Ханс Цуллигер, швейцарский педагог, начинает свою книгу “Страх наших детей” с описания тридесятого царства, сказочной фантазии, которую он сравнивает с состоянием тотальной защи­щенности и тотального обеспечения еще не родившегося челове­ка во время беременности его матери (Н. Zulliger, 1972). Пере­ход от этого воистину райского ощущения единства плода с матерью, в котором мы все когда-то пребывали, к разрыву, т. е. к выходу в жизнь, к рождению, вероятно, выступает прообразом страха перед окружающим миром. Впрочем, в связи с этим мож­но понять игровые фантазии детей, стремящихся спрятаться в темной теплой полости, в которой можно чувствовать себя за­щищенным со всех сторон. Эти фантазии могут сохраняться и в некоторых речевых оборотах, связанных с восприятием поведе­ния других людей. Например, о человеке, чувствующем себя оби­женным или испуганным, немцы говорят, что он спрятался, как улитка.

Мне самому кажется вполне разумным проводить аналогии между этим прообразом страха и многими повседневными си­туациями, особенно частыми в школе, в которых человек отры­вается от более или менее привычных и родных условий и вы­нужден оказываться в новых, вызывающих неуверенность и пу­гающих условиях. За этими ситуациями могут скрываться опасе­ния, что собственных сил не хватит, чтобы справиться с требова­ниями “внешнего мира”. Выражение “внешний мир” я употреб­ляю здесь для подчеркивания аналогии с ситуацией родов. Наи­более примечательной в этом смысле для школьника могла бы быть ситуация перехода в другой, еще чужой для него класс, в который он как бы изгнан, и где он должен бороться за место в новой классной общине. Например, одна ученица общеобразова­тельной школы пишет на тему школьного страха: “Я осталась на второй год и стала теперь самой старшей в классе. Это плохо, так как общаешься не с ровесниками и начинаешь из-за этого вести себя как младшие ученики. Это удивляет всех в семье и имеет свои последствия... Тогда может неотступно преследовать страх, а это плохо потому, что, начав испытывать страх, освобо­диться от него уже не можешь” (С. Buttner, 1981b, S. 96).

Возможно, вам придут в голову воспоминания из вашей соб­ственной школьной жизни, когда вы, будучи ребенком или под­ростком, приходили в новый класс, или же вы можете подумать о вашем первом появлении в классе в качестве учителя или же о вашей ежедневной дороге из учительской на урок в класс и обратно. Возможно, вы вспомните и о вашей первой встрече с коллективом, в котором есть и более старшие, и более млад­шие коллеги. Даже непосредственно здесь - и - теперь происходит некоторое событие, которое тоже содержит подобные моменты неуверенности: все вы впервые встречаетесь со мной и полны на­дежды и скепсиса относительно того, найдется ли для вас подхо­дящая “духовная пища” в моем докладе, что позволило бы вам оставаться во власти ваших фантазий о тридесятом царстве.

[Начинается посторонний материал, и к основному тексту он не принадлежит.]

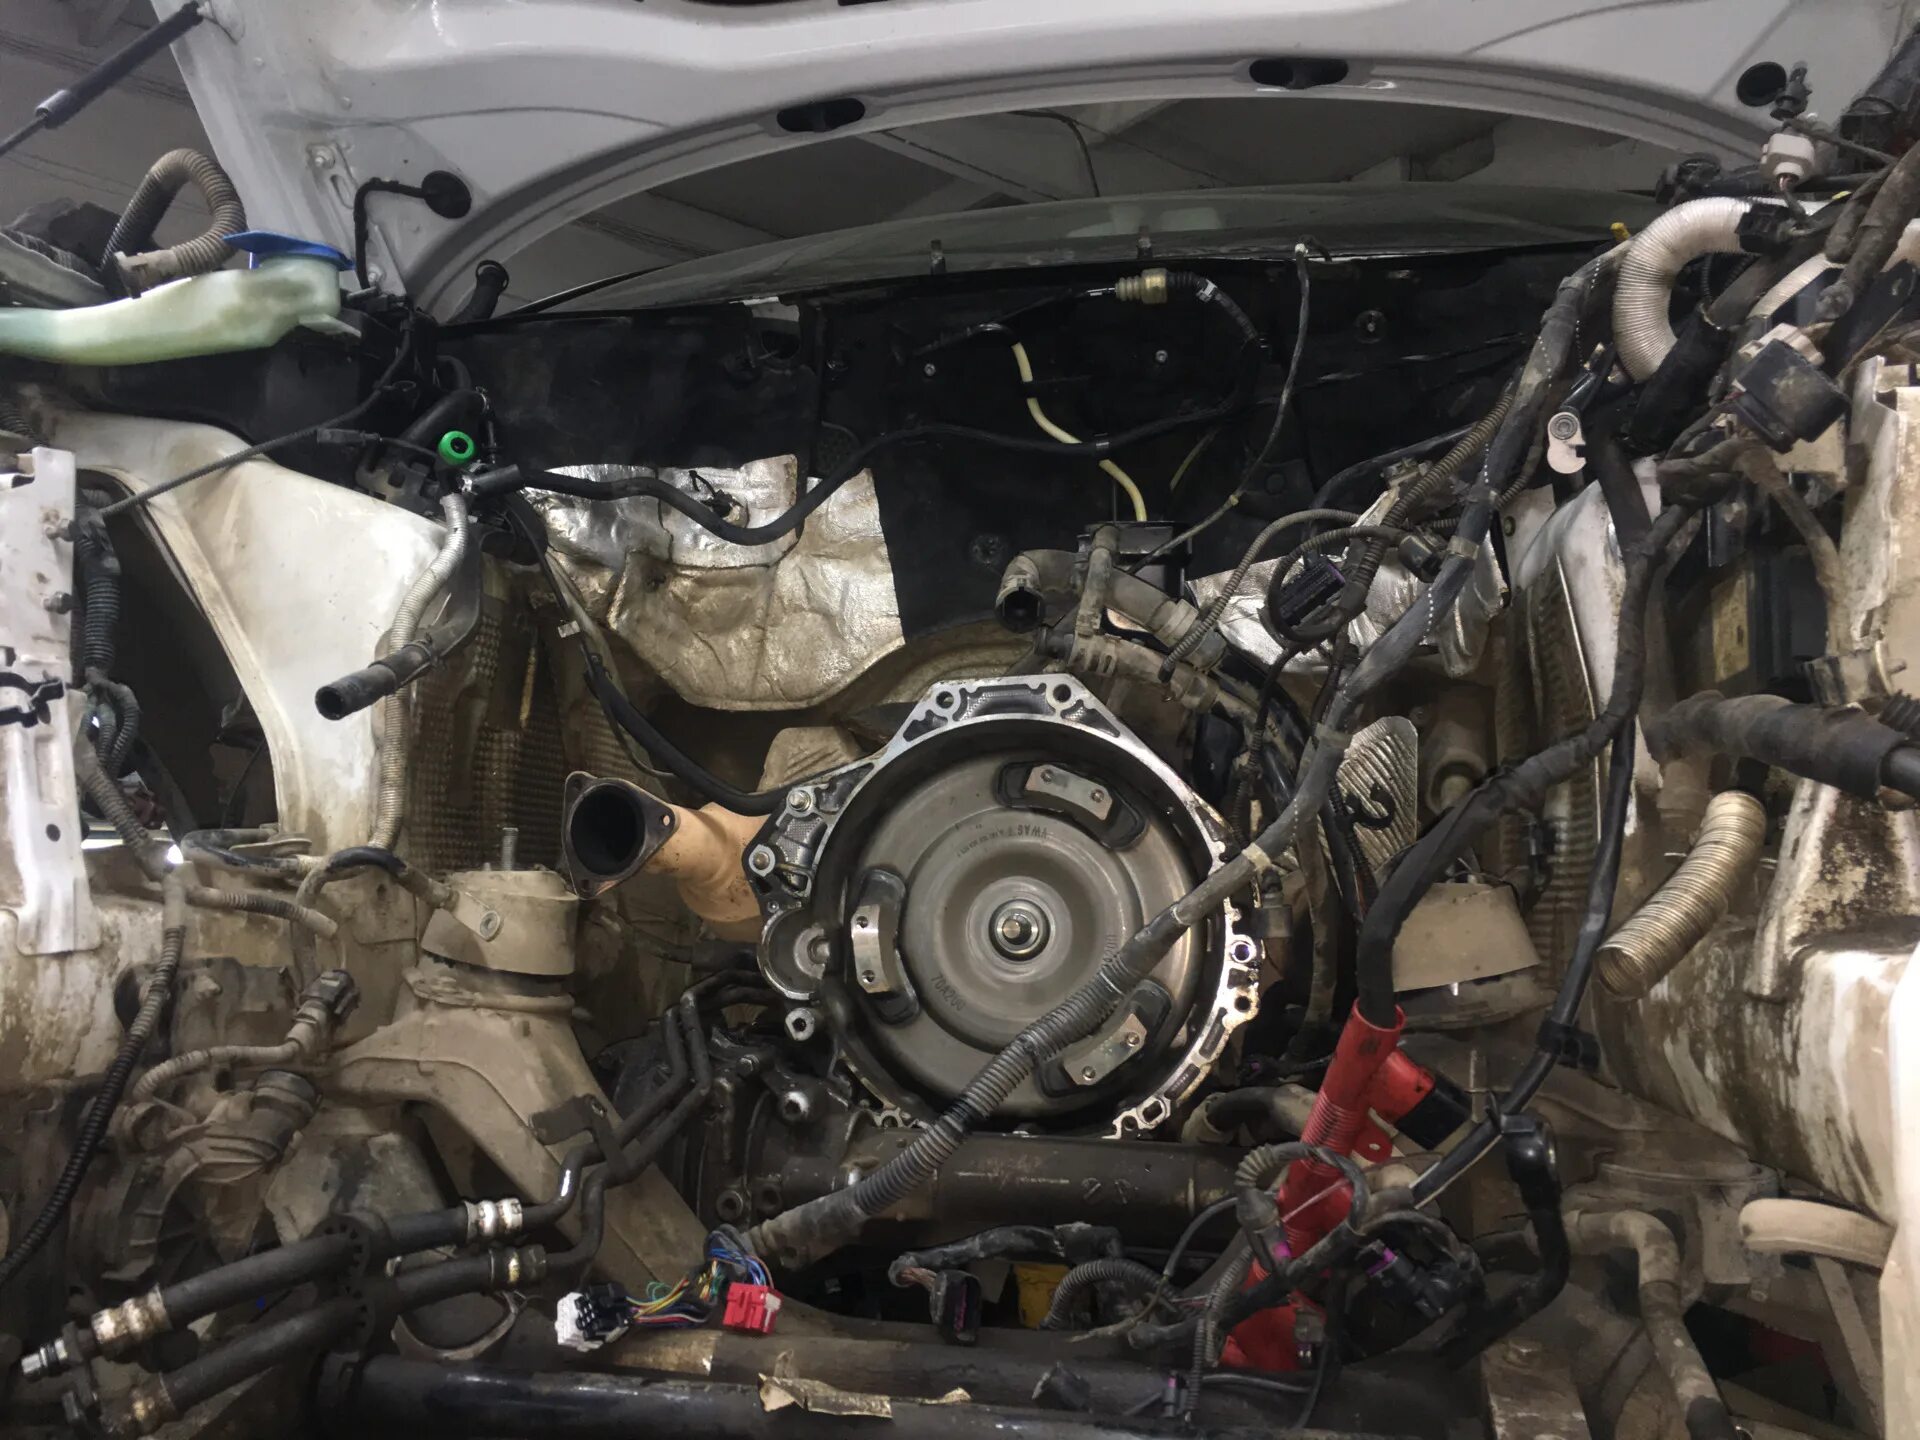 Ремкомплект двигателя Ауди q7. Audi q7 ремонт. Ремонт двигателя Ауди. Ауди ку7 ремонт двигателя.
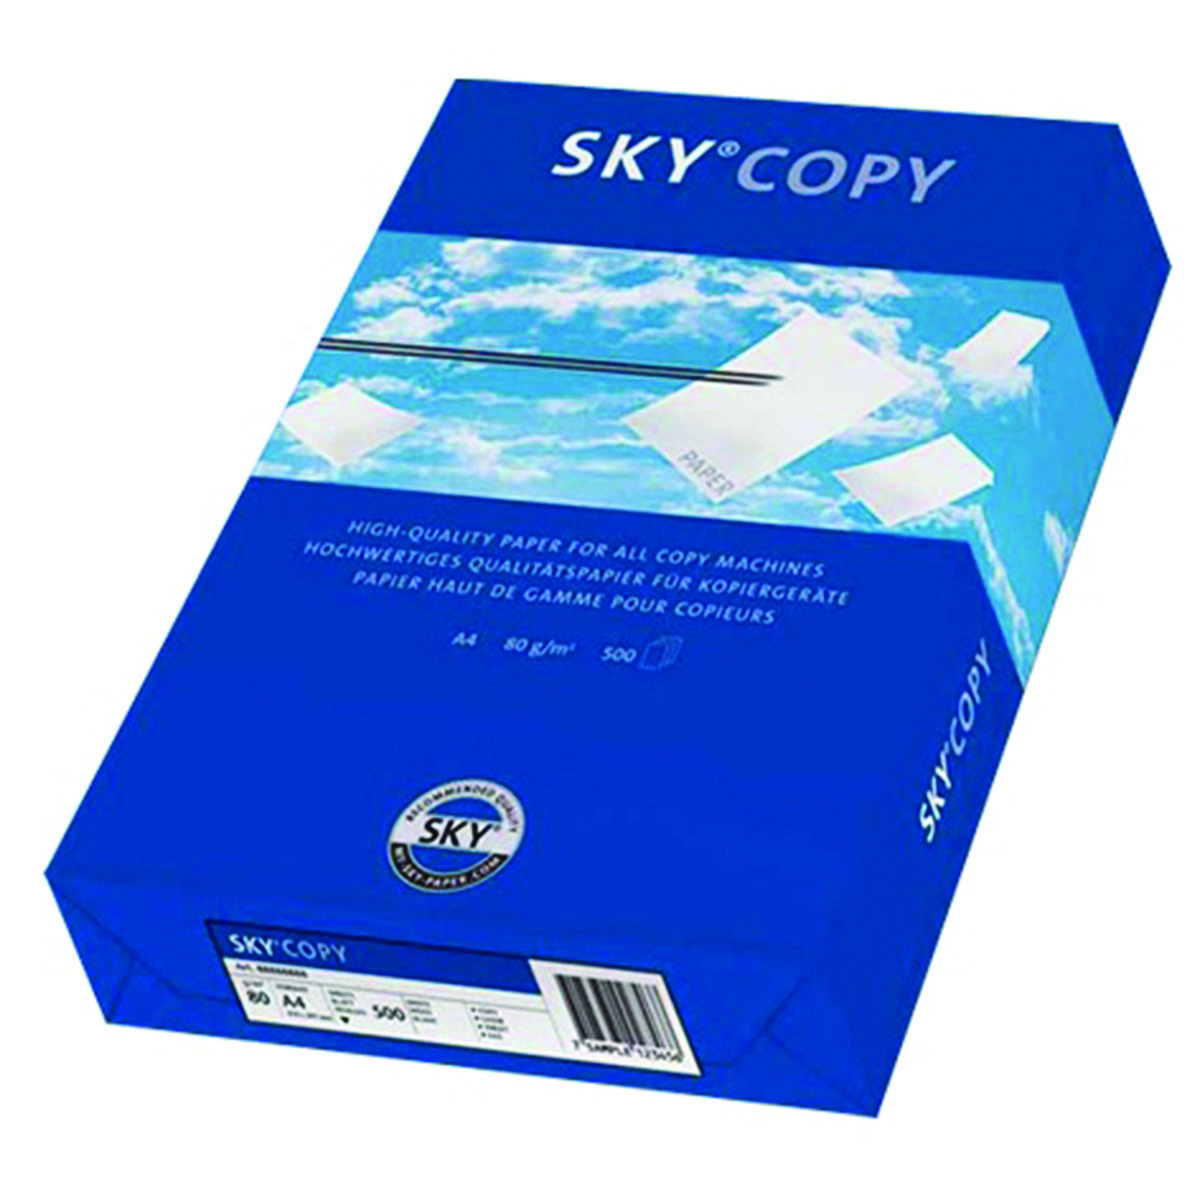 SKY Papier kserograficzny SKY Copy, A4, klasa C, 80gsm, 500ark. SKY-88031879

Прообраз страха связан в первую очередь с потребностями в удовлетворении основных потребностей и элементарной безопас­ности. Каждое столкновение наших ранних переживаний удов­летворения или неудовлетворения этих потребностей с очень по­хожими ситуациями в настоящем может приобрести злокачест­венный характер. Позже я покажу, что и формы обращения с соответствующими страхами восходят своими корнями к подоб­ным базовым переживаниям. Я хочу предложить вашему внима­нию один пример из группы супервидения учителей, чтобы объяснить вам, что эти страхи обычно получают свое выражение в непознаваемой в силу своей завуалированности форме и что едва чувство страха начинает прокладывать себе путь в созна­ние, как тут же включается в действие защитный механизм. Итак, пример.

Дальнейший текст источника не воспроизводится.